> [INFORMATION SUPPLIED]:
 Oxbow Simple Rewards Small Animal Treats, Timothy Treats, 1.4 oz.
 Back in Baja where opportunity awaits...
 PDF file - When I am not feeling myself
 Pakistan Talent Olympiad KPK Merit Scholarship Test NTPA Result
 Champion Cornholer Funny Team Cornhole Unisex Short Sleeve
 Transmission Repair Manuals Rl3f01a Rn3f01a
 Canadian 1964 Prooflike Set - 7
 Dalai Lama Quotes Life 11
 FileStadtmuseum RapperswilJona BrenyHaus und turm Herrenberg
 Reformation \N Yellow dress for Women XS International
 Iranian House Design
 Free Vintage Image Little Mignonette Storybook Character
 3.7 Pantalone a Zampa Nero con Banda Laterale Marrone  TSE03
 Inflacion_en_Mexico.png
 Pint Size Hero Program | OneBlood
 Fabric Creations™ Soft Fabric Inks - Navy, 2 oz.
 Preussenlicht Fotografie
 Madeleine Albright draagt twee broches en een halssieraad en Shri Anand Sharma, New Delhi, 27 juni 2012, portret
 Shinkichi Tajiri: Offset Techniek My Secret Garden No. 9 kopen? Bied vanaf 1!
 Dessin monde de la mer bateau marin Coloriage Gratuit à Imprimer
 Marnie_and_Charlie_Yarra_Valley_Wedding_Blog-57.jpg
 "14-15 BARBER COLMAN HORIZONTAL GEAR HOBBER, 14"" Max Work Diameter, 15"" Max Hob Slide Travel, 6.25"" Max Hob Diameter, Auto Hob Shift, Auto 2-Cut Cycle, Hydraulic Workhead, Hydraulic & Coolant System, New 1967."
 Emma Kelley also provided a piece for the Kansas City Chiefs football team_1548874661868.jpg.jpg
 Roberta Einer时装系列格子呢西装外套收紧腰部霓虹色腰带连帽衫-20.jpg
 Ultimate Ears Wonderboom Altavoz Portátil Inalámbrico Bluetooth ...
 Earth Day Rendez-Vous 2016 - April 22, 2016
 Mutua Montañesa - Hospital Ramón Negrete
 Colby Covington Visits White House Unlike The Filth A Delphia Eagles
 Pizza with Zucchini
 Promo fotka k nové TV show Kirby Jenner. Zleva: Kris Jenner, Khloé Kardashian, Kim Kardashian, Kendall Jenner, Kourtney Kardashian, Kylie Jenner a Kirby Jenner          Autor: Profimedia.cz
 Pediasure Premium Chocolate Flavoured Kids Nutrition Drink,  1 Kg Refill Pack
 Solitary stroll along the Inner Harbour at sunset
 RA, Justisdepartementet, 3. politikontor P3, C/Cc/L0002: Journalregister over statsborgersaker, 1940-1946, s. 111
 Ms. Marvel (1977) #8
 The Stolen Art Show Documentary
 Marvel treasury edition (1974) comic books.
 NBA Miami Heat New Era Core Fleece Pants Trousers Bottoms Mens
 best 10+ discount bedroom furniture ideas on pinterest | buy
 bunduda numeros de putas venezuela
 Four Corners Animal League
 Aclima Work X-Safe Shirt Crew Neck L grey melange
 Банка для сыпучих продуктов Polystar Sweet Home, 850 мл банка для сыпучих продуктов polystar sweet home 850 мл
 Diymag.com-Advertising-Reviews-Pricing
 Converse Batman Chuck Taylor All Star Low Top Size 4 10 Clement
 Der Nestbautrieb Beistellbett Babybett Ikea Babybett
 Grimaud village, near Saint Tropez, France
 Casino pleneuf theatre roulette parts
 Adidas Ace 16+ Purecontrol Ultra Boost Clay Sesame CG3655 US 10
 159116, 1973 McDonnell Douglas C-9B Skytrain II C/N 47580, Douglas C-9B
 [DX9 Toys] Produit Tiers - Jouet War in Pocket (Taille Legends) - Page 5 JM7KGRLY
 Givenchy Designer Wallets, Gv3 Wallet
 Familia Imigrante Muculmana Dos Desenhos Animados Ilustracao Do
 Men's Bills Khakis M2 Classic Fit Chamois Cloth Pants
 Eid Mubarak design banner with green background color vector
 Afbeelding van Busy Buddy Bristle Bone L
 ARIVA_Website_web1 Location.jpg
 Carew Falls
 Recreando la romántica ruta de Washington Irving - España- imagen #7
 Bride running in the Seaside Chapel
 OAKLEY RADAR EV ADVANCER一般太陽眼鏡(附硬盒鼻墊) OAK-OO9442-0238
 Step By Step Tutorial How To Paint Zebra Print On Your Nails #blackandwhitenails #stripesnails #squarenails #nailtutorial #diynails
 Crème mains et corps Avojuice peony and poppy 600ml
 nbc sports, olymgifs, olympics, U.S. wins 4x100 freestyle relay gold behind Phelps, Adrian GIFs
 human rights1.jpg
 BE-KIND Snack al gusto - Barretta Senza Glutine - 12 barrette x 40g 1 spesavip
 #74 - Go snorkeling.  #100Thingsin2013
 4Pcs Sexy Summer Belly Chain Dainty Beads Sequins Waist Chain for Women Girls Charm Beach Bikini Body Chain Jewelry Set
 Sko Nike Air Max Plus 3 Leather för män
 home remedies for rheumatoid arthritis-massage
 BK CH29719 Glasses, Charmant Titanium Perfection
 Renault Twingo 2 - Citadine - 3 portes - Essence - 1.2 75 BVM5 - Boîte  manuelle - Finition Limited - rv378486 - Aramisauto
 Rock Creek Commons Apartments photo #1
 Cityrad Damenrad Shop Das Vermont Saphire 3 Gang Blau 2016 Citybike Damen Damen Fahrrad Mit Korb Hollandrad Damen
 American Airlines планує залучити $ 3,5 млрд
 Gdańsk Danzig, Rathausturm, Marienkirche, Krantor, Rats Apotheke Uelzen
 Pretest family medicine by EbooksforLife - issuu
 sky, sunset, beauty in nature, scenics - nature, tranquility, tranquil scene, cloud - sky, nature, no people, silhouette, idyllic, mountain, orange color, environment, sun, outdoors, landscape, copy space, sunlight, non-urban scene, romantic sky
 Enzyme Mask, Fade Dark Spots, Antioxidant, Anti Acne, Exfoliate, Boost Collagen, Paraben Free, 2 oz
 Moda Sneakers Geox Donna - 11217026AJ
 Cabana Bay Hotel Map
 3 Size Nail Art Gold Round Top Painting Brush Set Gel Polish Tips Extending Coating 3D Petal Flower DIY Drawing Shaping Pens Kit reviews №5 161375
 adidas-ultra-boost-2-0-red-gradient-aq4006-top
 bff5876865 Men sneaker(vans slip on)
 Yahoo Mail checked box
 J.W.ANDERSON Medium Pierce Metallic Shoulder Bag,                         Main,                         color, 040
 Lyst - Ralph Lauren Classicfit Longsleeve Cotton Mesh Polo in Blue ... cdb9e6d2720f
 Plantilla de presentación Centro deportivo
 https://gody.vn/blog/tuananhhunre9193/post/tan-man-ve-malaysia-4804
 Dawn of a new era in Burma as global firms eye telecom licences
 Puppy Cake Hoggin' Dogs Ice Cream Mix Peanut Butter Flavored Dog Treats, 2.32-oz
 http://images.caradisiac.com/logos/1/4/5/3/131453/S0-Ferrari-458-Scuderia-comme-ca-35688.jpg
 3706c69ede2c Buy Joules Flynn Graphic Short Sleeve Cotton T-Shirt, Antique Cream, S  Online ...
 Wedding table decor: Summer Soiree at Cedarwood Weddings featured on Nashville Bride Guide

> [EXERCISE AIM]: Gather from the records above every line containing the string "Size".

> [COMPLETED EXERCISE]:
 Pint Size Hero Program | OneBlood
 Converse Batman Chuck Taylor All Star Low Top Size 4 10 Clement
 3 Size Nail Art Gold Round Top Painting Brush Set Gel Polish Tips Extending Coating 3D Petal Flower DIY Drawing Shaping Pens Kit reviews №5 161375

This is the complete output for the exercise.